Minéraux critiques : l’OCDE alerte sur la montée des restrictions à l’exportation
Les restrictions à l’exportation sur les minéraux critiques atteignent un niveau inédit et pourraient accentuer les tensions sur les chaînes d’approvisionnement mondiales. C’est le principal constat du dernier rapport de l’Organisation de coopération et de développement économiques (OCDE), publié dans le cadre de son inventaire annuel consacré aux matières premières stratégiques.
Selon l’institution, le nombre de restrictions appliquées aux exportations de matières premières critiques n’a cessé d’augmenter au cours des quinze dernières années. Même si leur progression a ralenti, passant de 3,4 % en 2023 à 0,6 % en 2024, leur volume global reste à un niveau record.
Cobalt, manganèse et terres rares particulièrement touchés
Le rapport souligne que plusieurs minerais essentiels aux technologies numériques et à la transition énergétique sont particulièrement exposés. Il s’agit notamment du cobalt, du manganèse, du graphite et des terres rares.
Entre 2022 et 2024, environ 70 % des exportations mondiales de cobalt et de manganèse ont été soumises à au moins une restriction à l’exportation. Au total, 16 % des échanges mondiaux de matières premières critiques suivis par l’OCDE ont été concernés sur la même période.
Ces ressources sont indispensables à la fabrication de batteries, véhicules électriques, panneaux solaires, éoliennes et équipements électroniques.
Afrique et Asie élargissent les mesures de contrôle
L’OCDE note également un élargissement géographique des restrictions, particulièrement en Afrique et en Asie.

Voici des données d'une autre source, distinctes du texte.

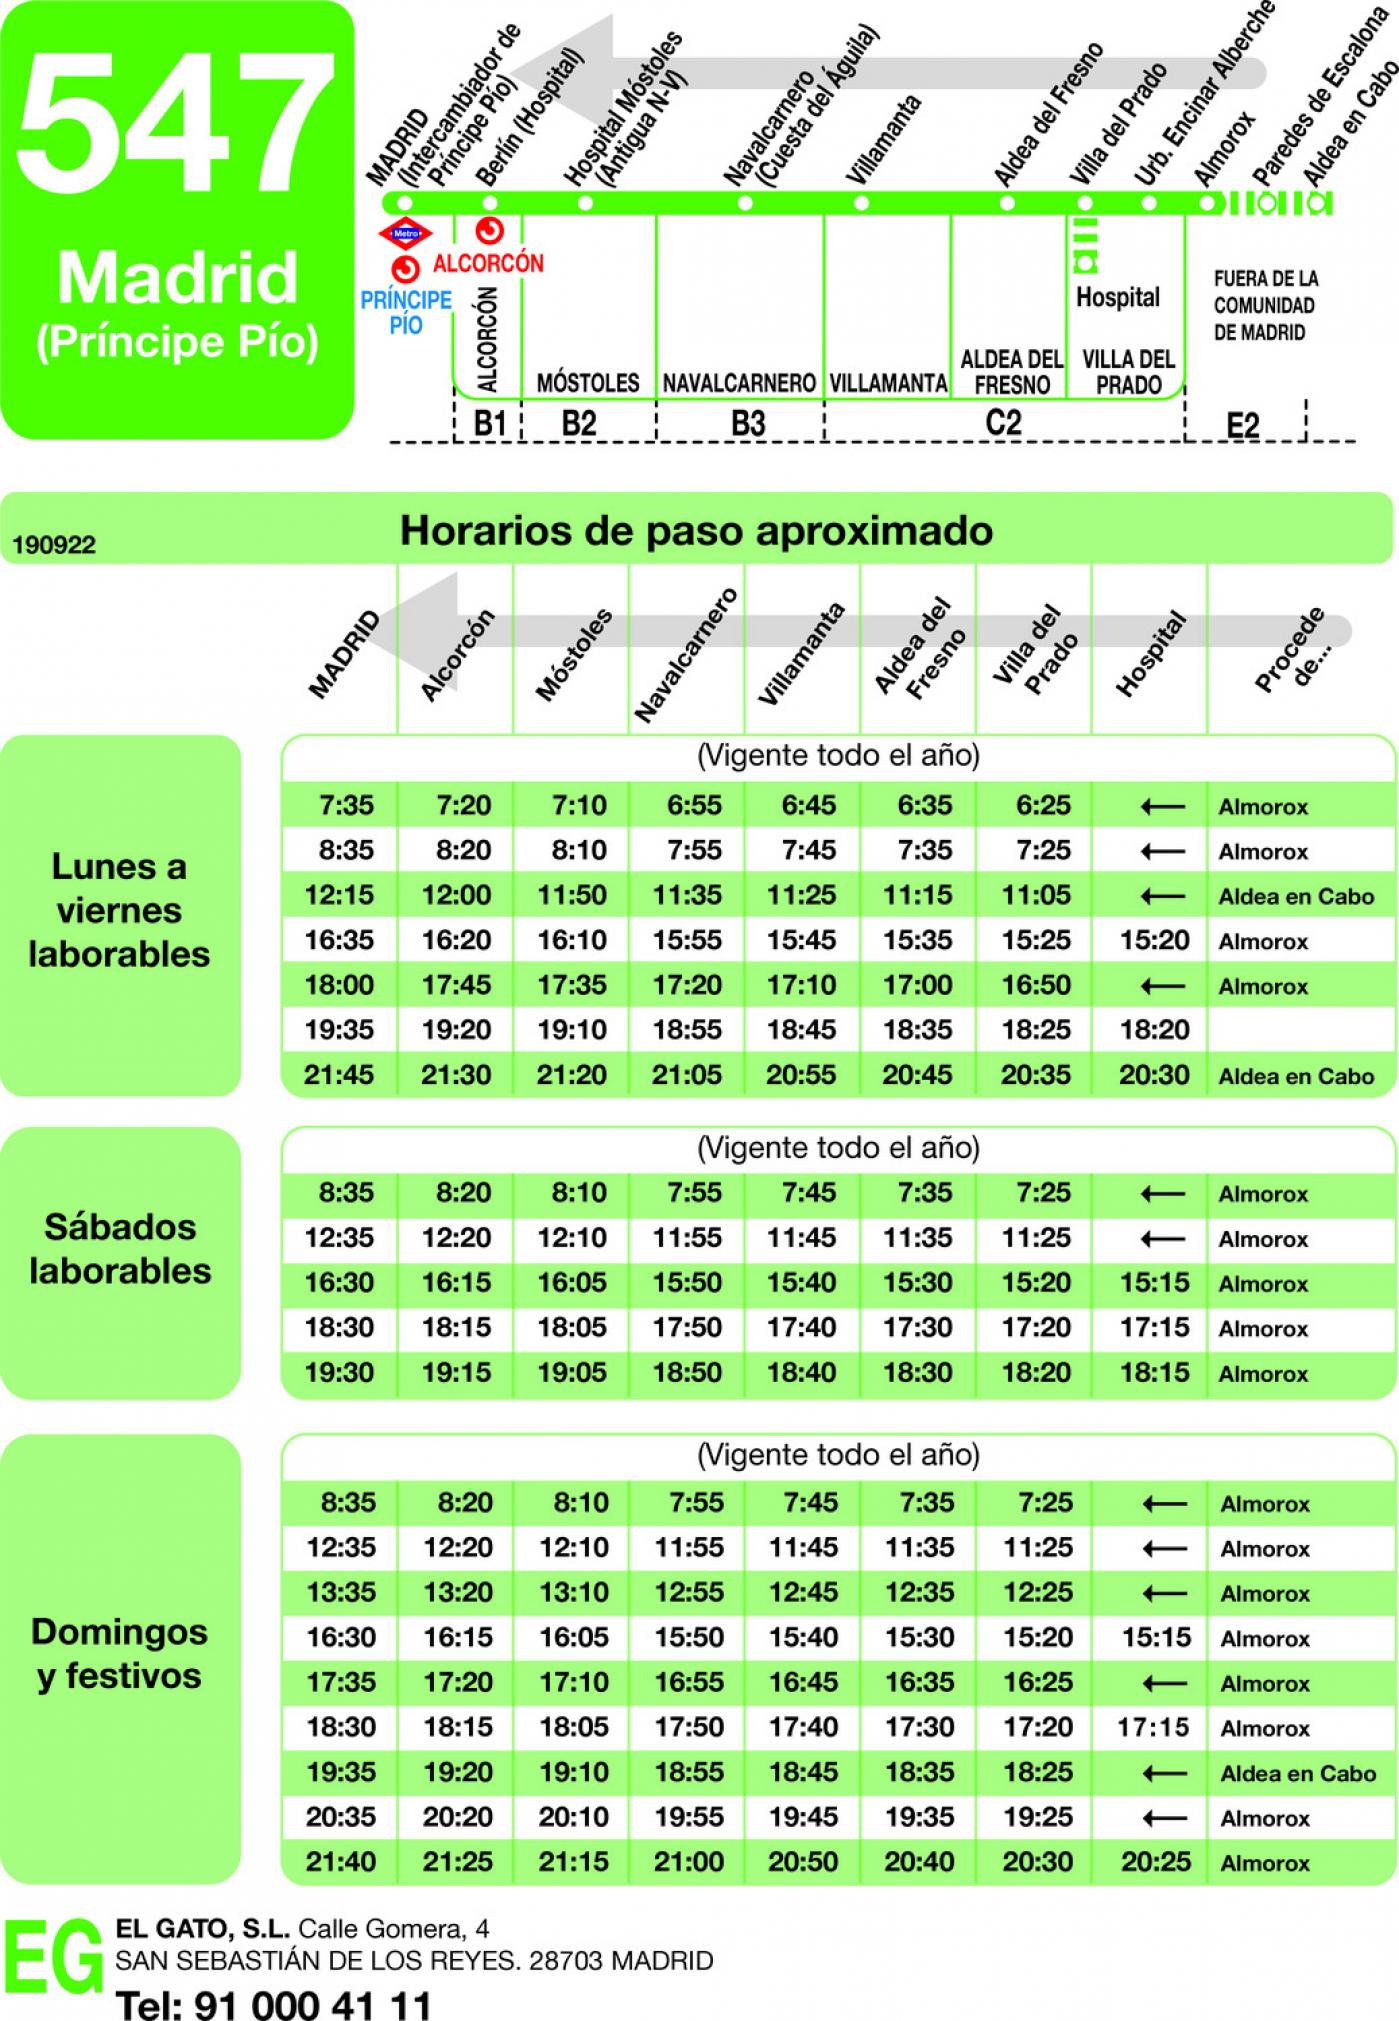 Tabla de horarios y frecuencias de paso en sentido vuelta Línea 547: Madrid (Principe Pío) - Villa del Prado - Almorox - Aldeaencabo

Cinq pays concentrent plus de la moitié des nouvelles restrictions adoptées entre 2009 et 2024 :
- Inde : 19 %
- Chine : 17 %
- Argentine : 6 %
- Vietnam : 5 %
- Burundi : 4 %
Cette tendance reflète une volonté croissante des pays producteurs de mieux contrôler leurs ressources stratégiques, capter davantage de revenus et encourager la transformation locale.
Les interdictions d’exportation gagnent du terrain
Les mesures les plus restrictives, comme les interdictions d’exportation et les quotas, progressent également. Elles représentaient plus d’un tiers des nouvelles restrictions adoptées en 2024.
Les déchets et débris métalliques demeurent la catégorie la plus visée, en raison des préoccupations environnementales et de l’intérêt croissant pour l’économie circulaire.
Parallèlement, les restrictions sur les produits en amont — minerais bruts et minéraux non transformés — ont fortement augmenté, leur nombre ayant été multiplié par dix entre 2009 et 2024.
Un risque pour la transition énergétique mondiale
Pour l’OCDE, cette multiplication des barrières commerciales accentue les fragilités d’un marché déjà fortement concentré.
« Les restrictions à l’exportation peuvent aggraver les vulnérabilités des chaînes d’approvisionnement en limitant les volumes disponibles et en tirant les prix à la hausse », a averti Mathias Cormann, secrétaire général de l’OCDE, lors du Forum sur les minéraux critiques à Istanbul.
L’organisation appelle à davantage de transparence, à une diversification des approvisionnements et à des partenariats équilibrés entre pays producteurs et consommateurs afin de sécuriser l’accès à ces ressources devenues stratégiques pour la croissance économique, l’innovation et la sécurité énergétique mondiale.